Waters does exhibit some of the symptoms of adulthood. He’s quit smoking, for example … or, as he put it in his book Shock Value, “I’m embarrassed to admit I don’t even smoke cigarettes anymore.” He is a homeowner, thrice over. He has the kind of success that only a grown-up can have: He has made sixteen films and will start shooting another one, Fruitcake, in the coming months; his most popular film, Hairspray, was made into a Broadway musical that won eight Tonys and is now extremely successful in London too, and a film remake starring John Travolta came out last year. Waters’s 1990 film Cry-Baby has just been made into a musical that is currently in previews and will open on Broadway next month. He has an amazing collection of contemporary art. He employs a decorator. He drinks tea.
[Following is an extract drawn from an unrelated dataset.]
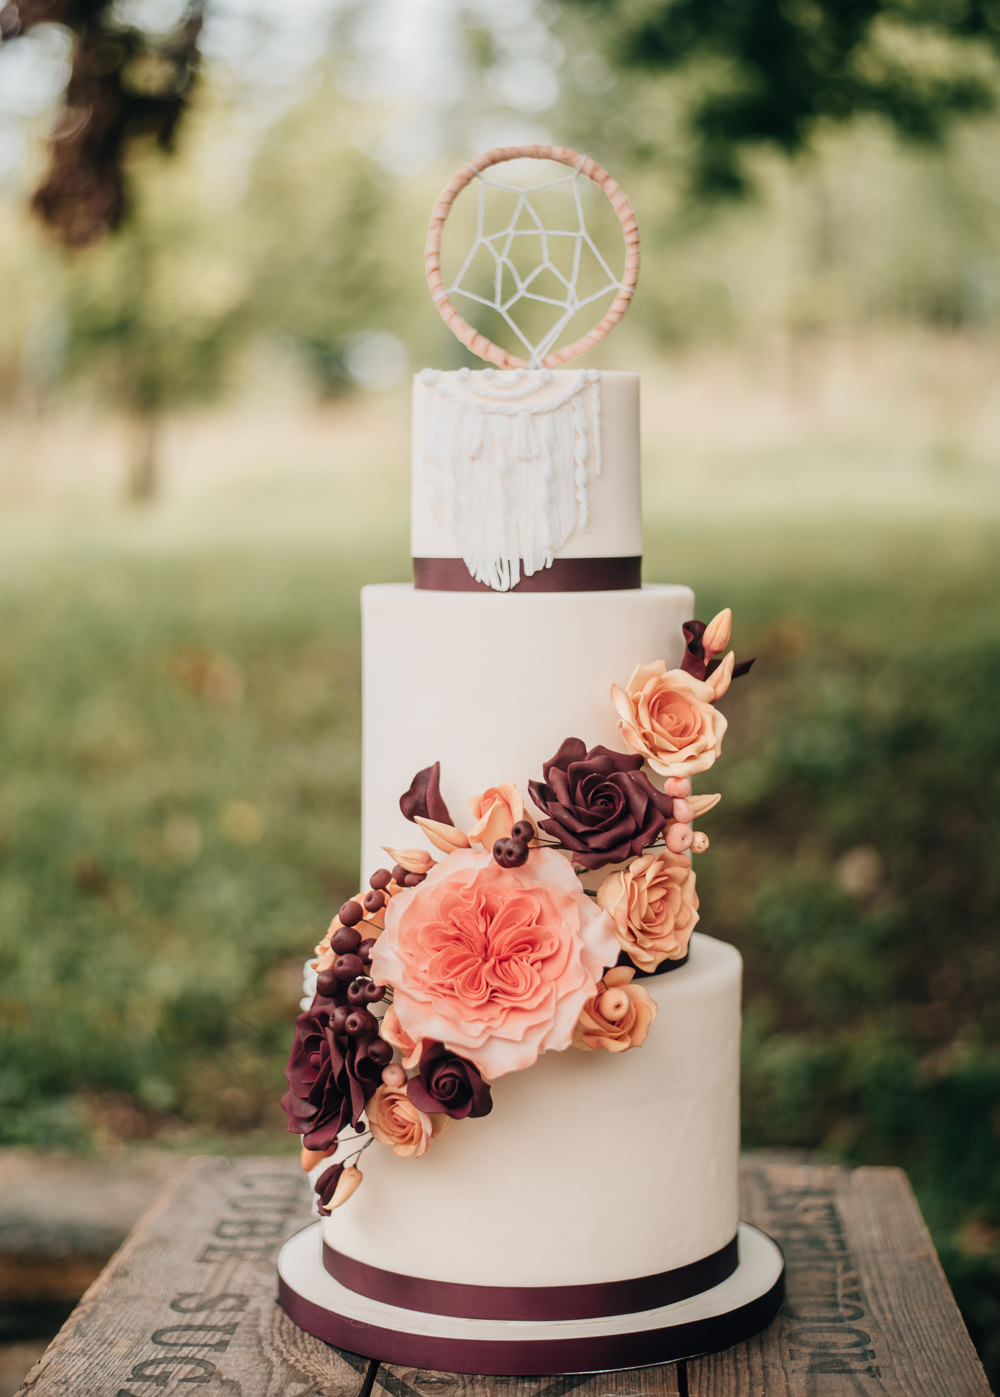 Iced Cake Sugar Flowers Dream Catcher Macrame Burgundy Orange Eco Friendly Wedding Inspiration Sarah Jayne Photography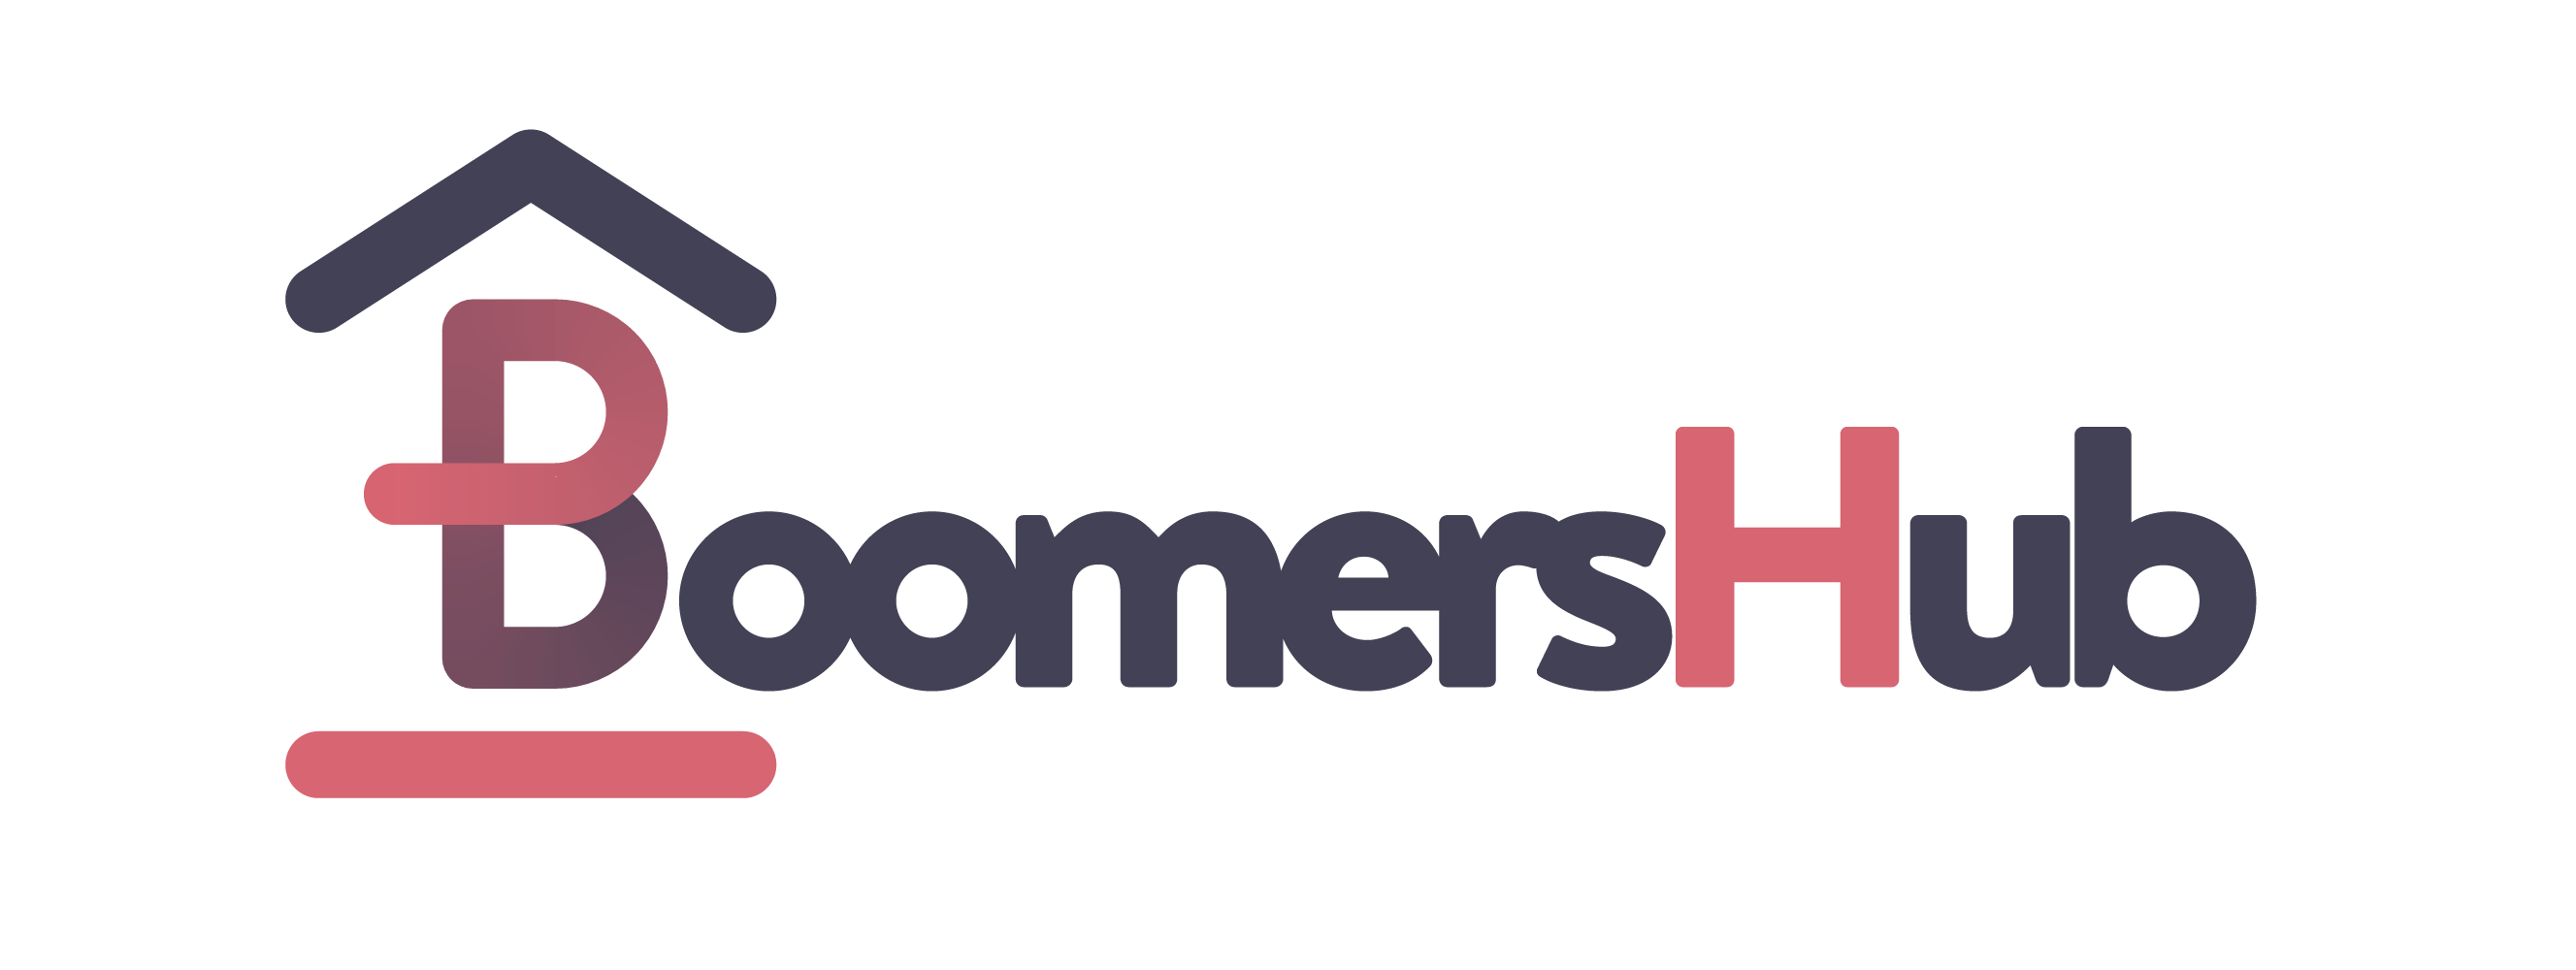 BoomersHub Blog

But his interests have remained intact: art, sex, drugs, class, and transgression. His most recent film, A Dirty Shame, received an NC-17 rating. A Dirty Shame is less shocking than Pink Flamingos, the 1972 movie that made Waters famous and featured a man with a singing asshole and the drag queen Divine (who grew up around the corner from Waters) literally eating dog shit. But then most movies are. A Dirty Shame is still both filthy and insanely creative: Its characters find themselves changed from genteel “neuters” to insatiable sex addicts of various stripes after they bump their heads. The final transformation occurs when Chris Isaak’s character is hit on the head by the petrified turd of David Hasselhoff, whom we see defecating in the bathroom of an airplane flying high overhead.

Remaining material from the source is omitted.